Isn’t it time for North Carolina to intensify its quest to design public schools for the 21st century?

As The New York Times reported a few days ago, some technology billionaires have stepped boldly into the field of education reform. The Times focused on three powerful executives: Marc Benioff of Salesforce, who has given the San Francisco Unified School District his managerial methods along with a $100 million pledge over 10 years; Mark Zuckerberg of Facebook, whose self-teaching software is now in more than 100 schools; and Reed Hastings of Netflix, whose video-style math program is used by two million students.

“The involvement by some of the wealthiest and most influential titans of the 21st century amounts to a singular experiment in education, with millions of students serving as beta testers for their ideas,” The Times reported, and then added, “But the philanthropic efforts are taking hold so rapidly that there has been little public scrutiny.”

The Silicon Valley billionaires are following precedents set by such industrial-era titans as John D. Rockefeller, the oil baron, and Julius Rosenwald, president of Sears, Roebuck and Co. Rockefeller founded the General Education Board in 1902. And Rosenwald established schools for black Southerners — more in North Carolina than any other state — during the period of rigid racial segregation.
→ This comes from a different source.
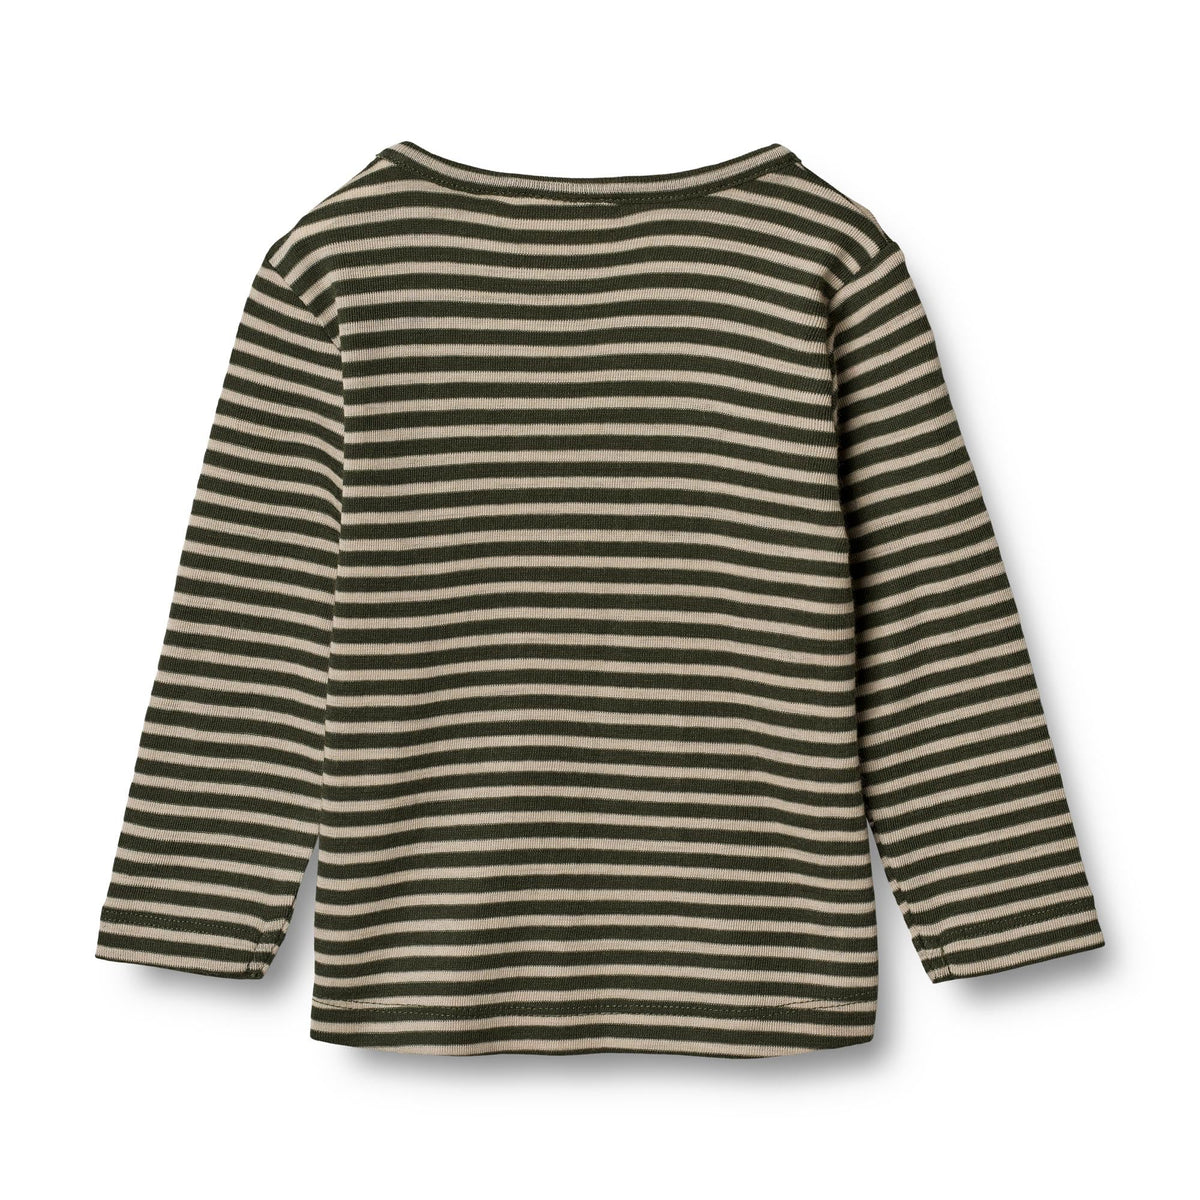 We have an incredible T-Shirt of LS Wool Wool range Wheat

The Times did not mention the education efforts of Eli Broad, a California housing and insurance executive, and Bill Gates of Microsoft. Both men have used their philanthropy powerfully in the education sector, including North Carolina-based organizations. In the wake of controversies over Common Core State Standards, Sue Desmond-Hellman, CEO of the Bill and Melinda Gates Foundation, wrote an insightful self-examination of a foundation’s aspirations and limitations.

“The mission of improving education in America is both vast and complicated, and the Gates Foundation doesn’t have all the answers” she wrote. “But every tough lesson only reinforces our commitment to teachers and student success.”

For another cautionary tale, see Dale Russakoff’s reporting on the missteps in Newark after Zuckerberg gave the schools there $100 million. Her reporting appeared in The New Yorker and in a book, “The Prize: Who’s in Charge of America’s Schools?”

In reality, North Carolina, as well as other states and communities, need philanthropy to make strategic investments to fill spaces of policy and practice left vacant by private markets and government. In a State of the South report on “passing gear’’ philanthropy, Durham-based nonprofit MDC observed that the region needed foundations to work to “renew civic commitment to strong public education for all students regardless of income, race and ethnicity, and geography. Inner-city and rural public education particularly need the resources and advocacy that a committed philanthropy sector can provide.”

The Times report serves as a caution that too-dominant philanthropy can threaten to override democracy. North Carolina has to master its own destiny, but the voice and will of the people need to be informed by policy research and expertise. The right balance of government, philanthropy, and educational expertise can help adults “forget high school’’ in the quest for 21st century schools.